▸ **Source data**
Start of Block

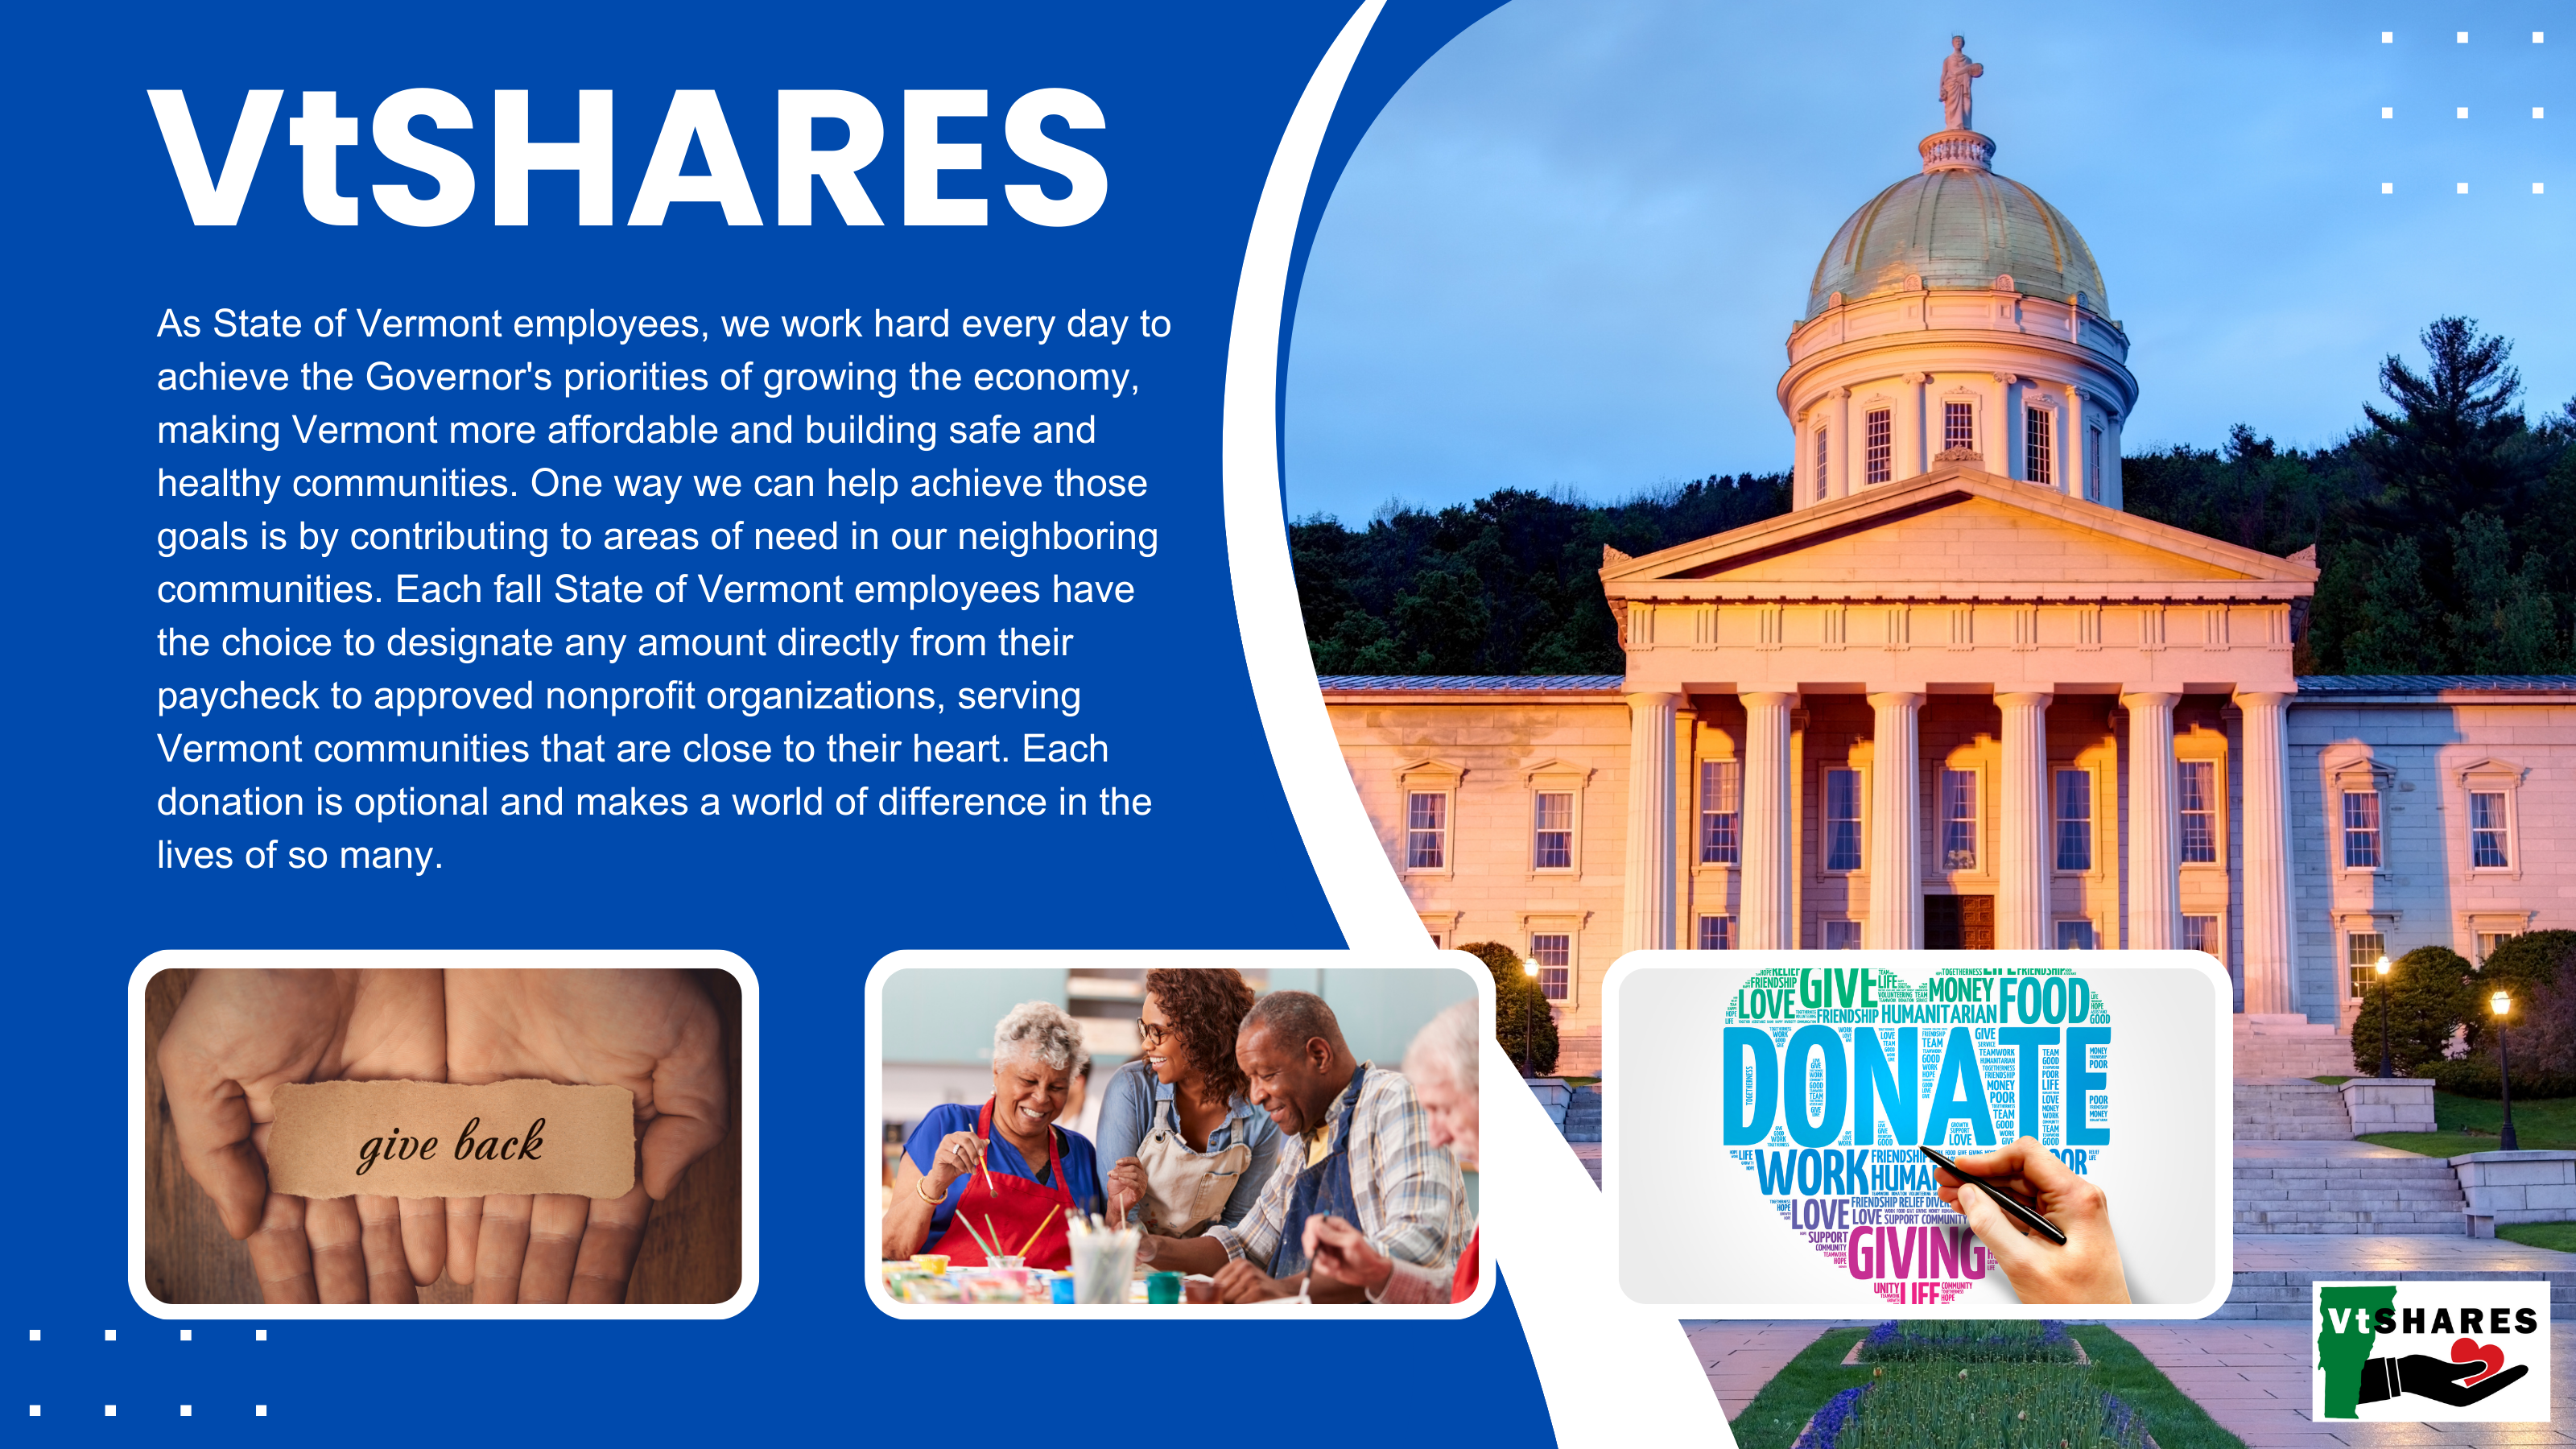 Blue background to left with a white stone capital building on the right. 3 smaller graphics on the bottom with hands saying "give back", diverse people painting, and a heart that says Donate.
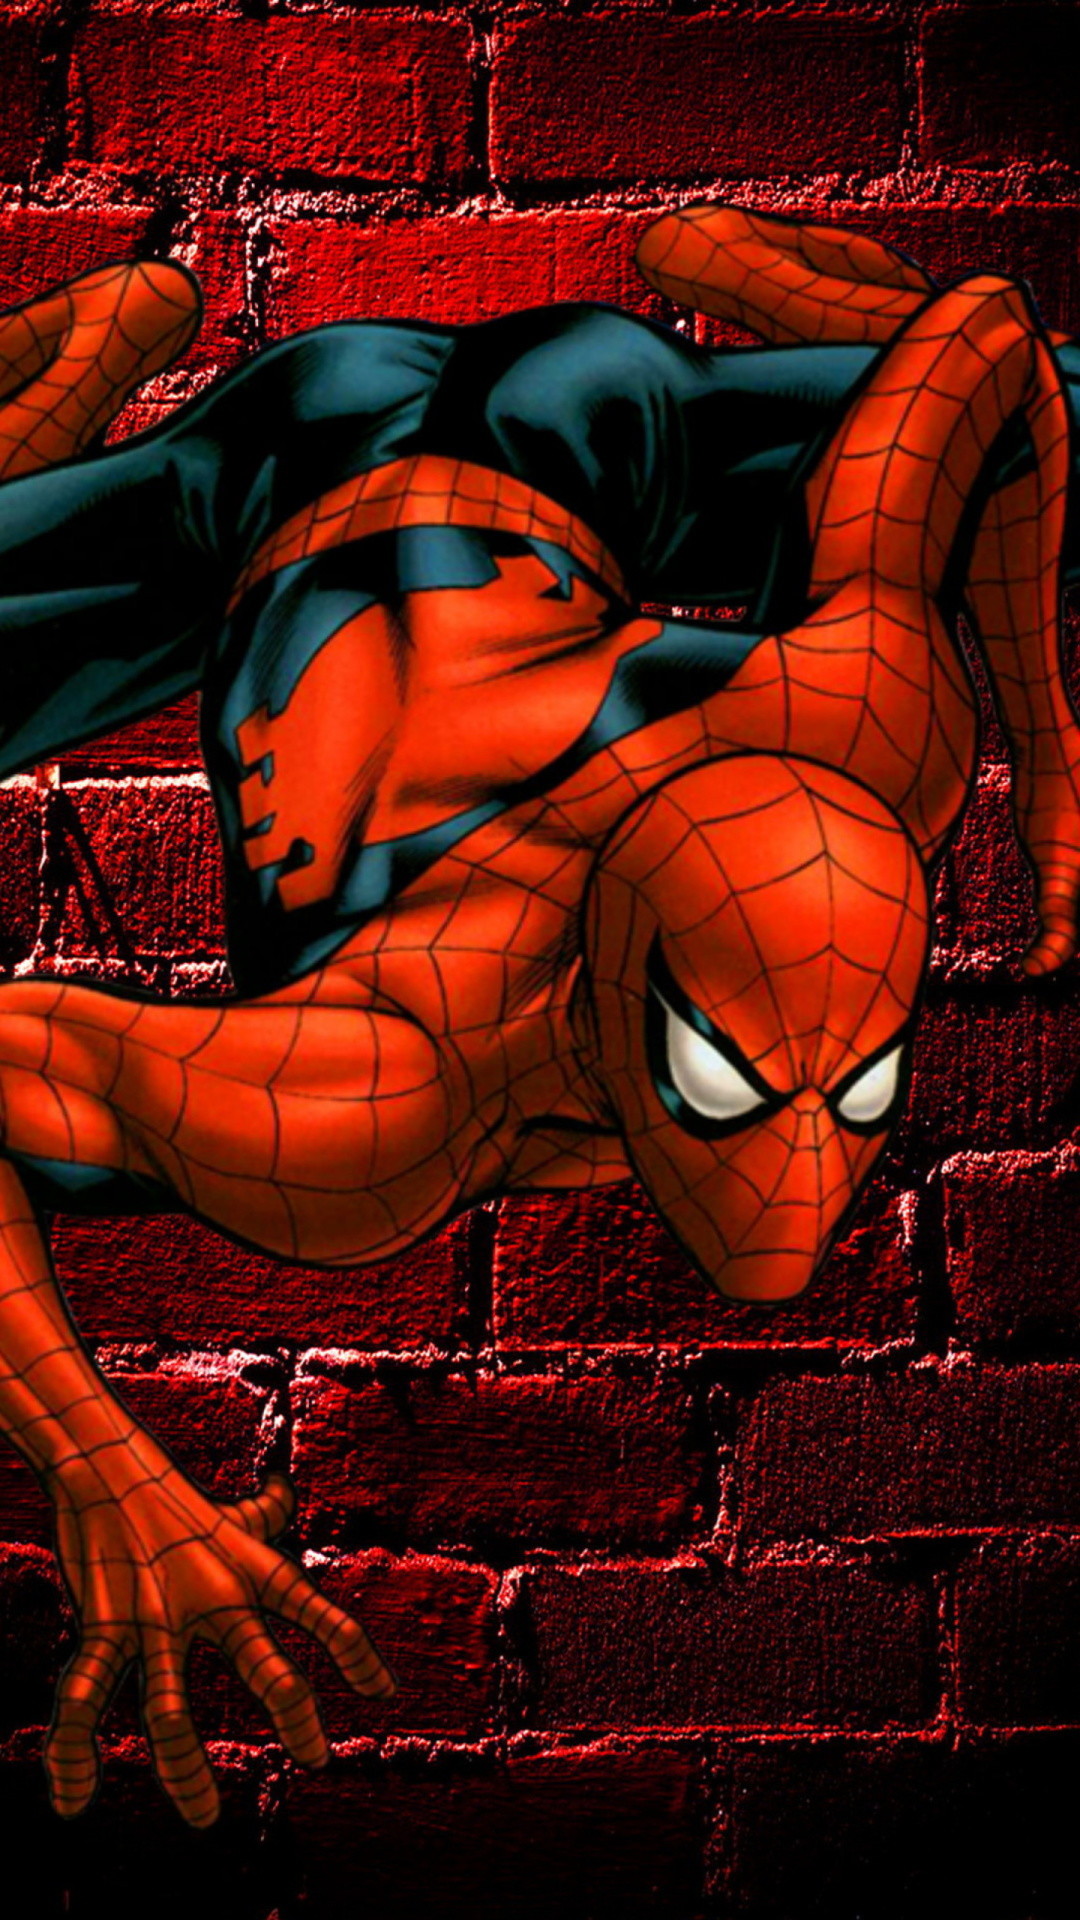 1080x1920 Spiderman On The Wall - Tap to see awesome spider man wallpapers! - @mobile9
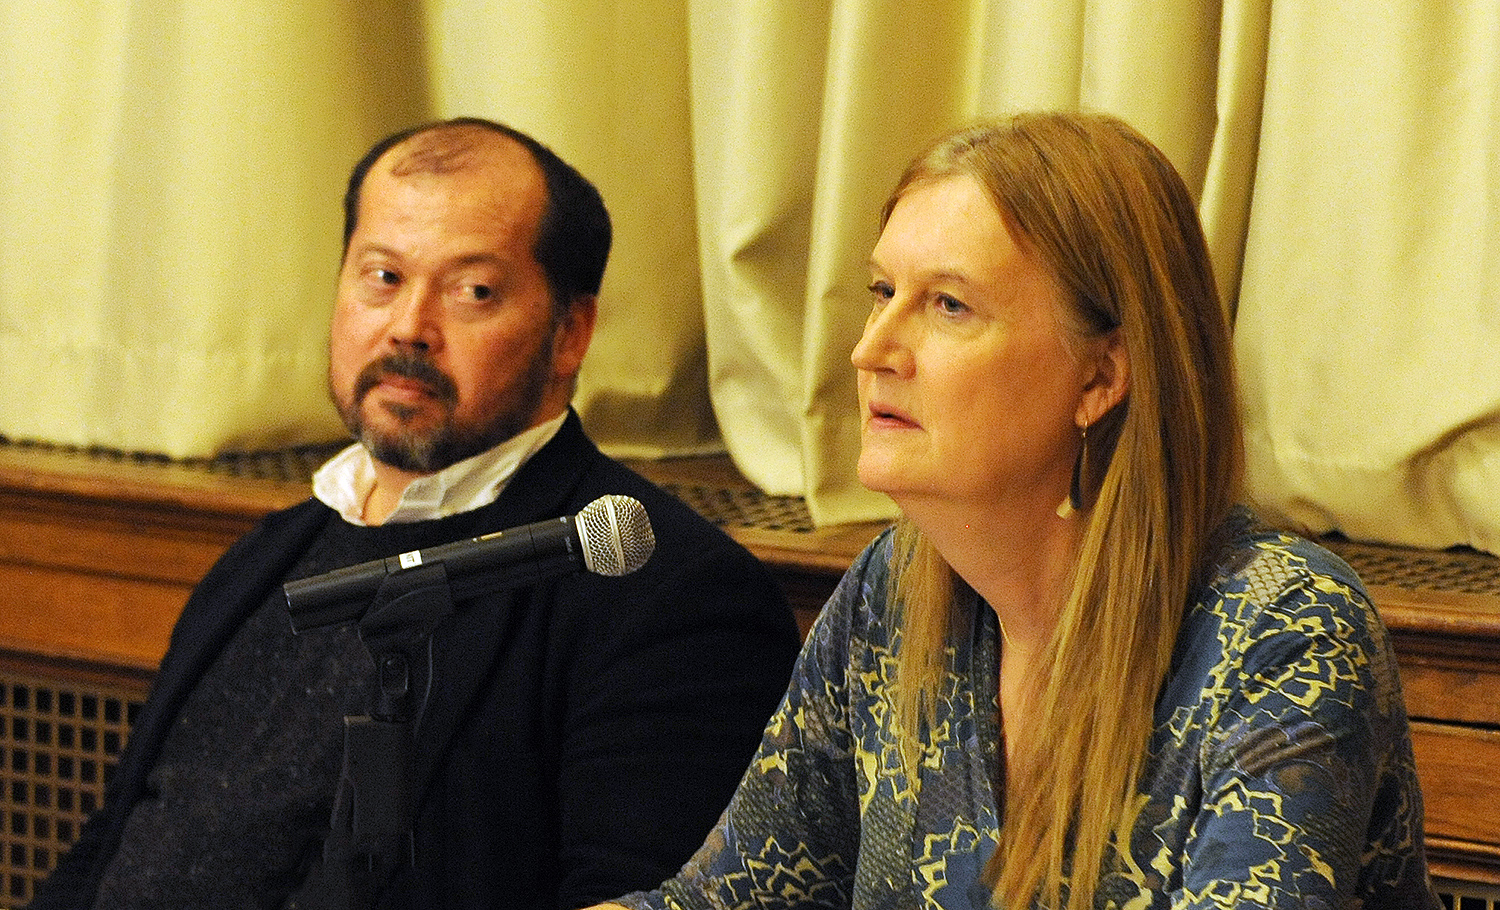 Wesleyan alumni Alexander Chee '89 and Jennifer Boylan ’80 read from their recent work, discussed queer lives and storytelling, and shared their own experiences as LGBT writers at Wesleyan.
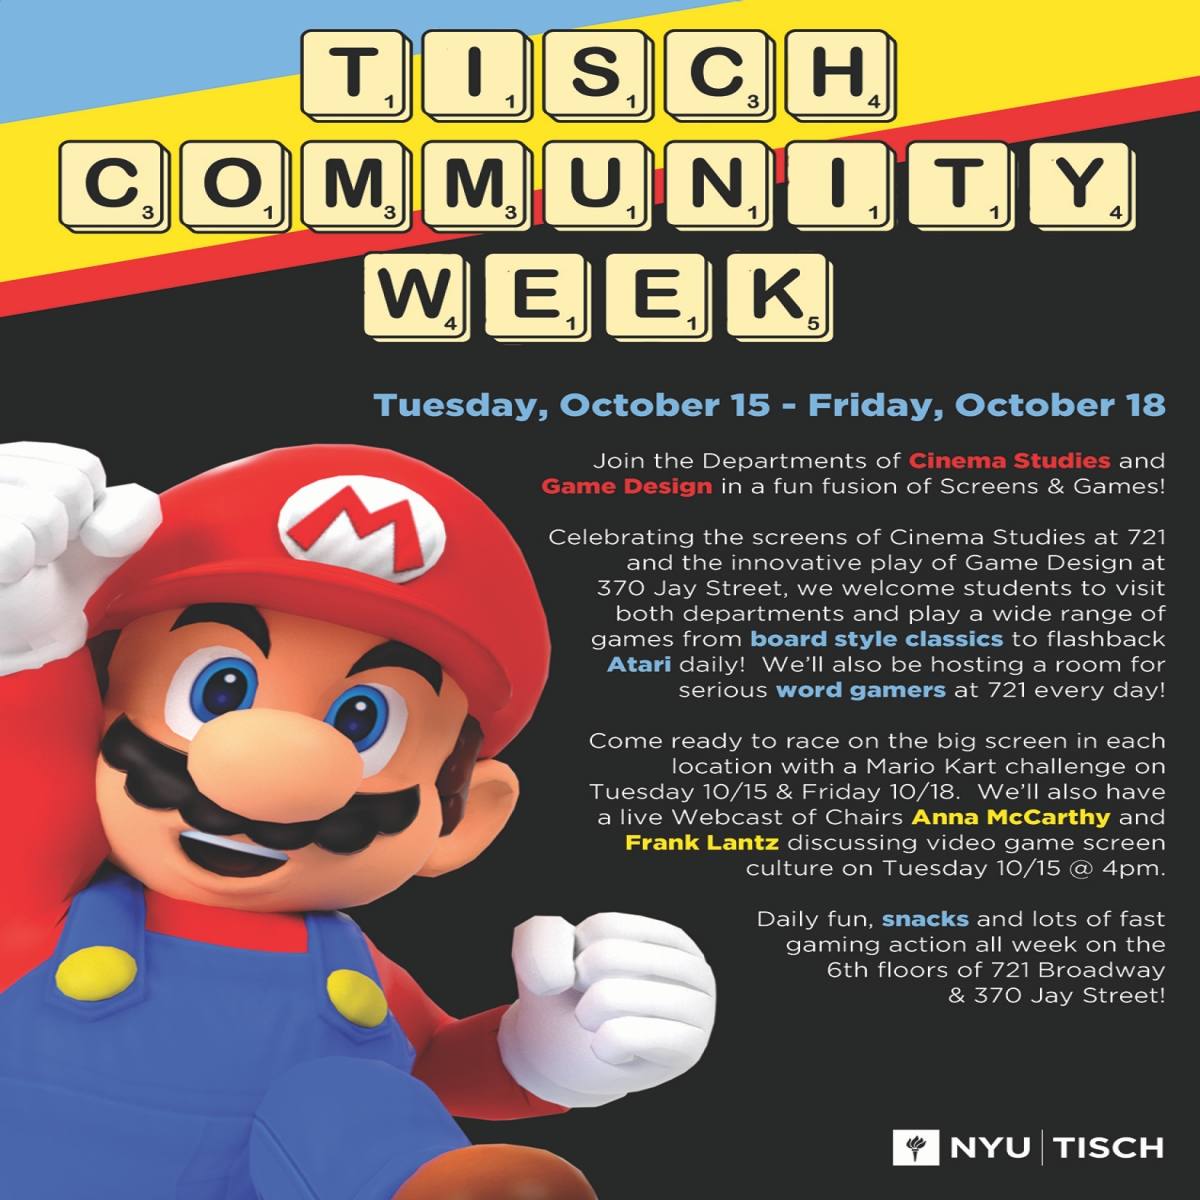 Video game character Mario with one fist celebrating in the air. Text reads: Tisch Community Week, Tuesday, October 15 through Friday, October 18

End of Block

▸ **What this task involves**
The line with "Wesleyan alumni Alexander" and each line after it, through the final line of the data, are to be duplicated exactly, with pictures left out and nothing more included.

▸ **Answer**
 Wesleyan alumni Alexander Chee '89 and Jennifer Boylan ’80 read from their recent work, discussed queer lives and storytelling, and shared their own experiences as LGBT writers at Wesleyan.
 Video game character Mario with one fist celebrating in the air. Text reads: Tisch Community Week, Tuesday, October 15 through Friday, October 18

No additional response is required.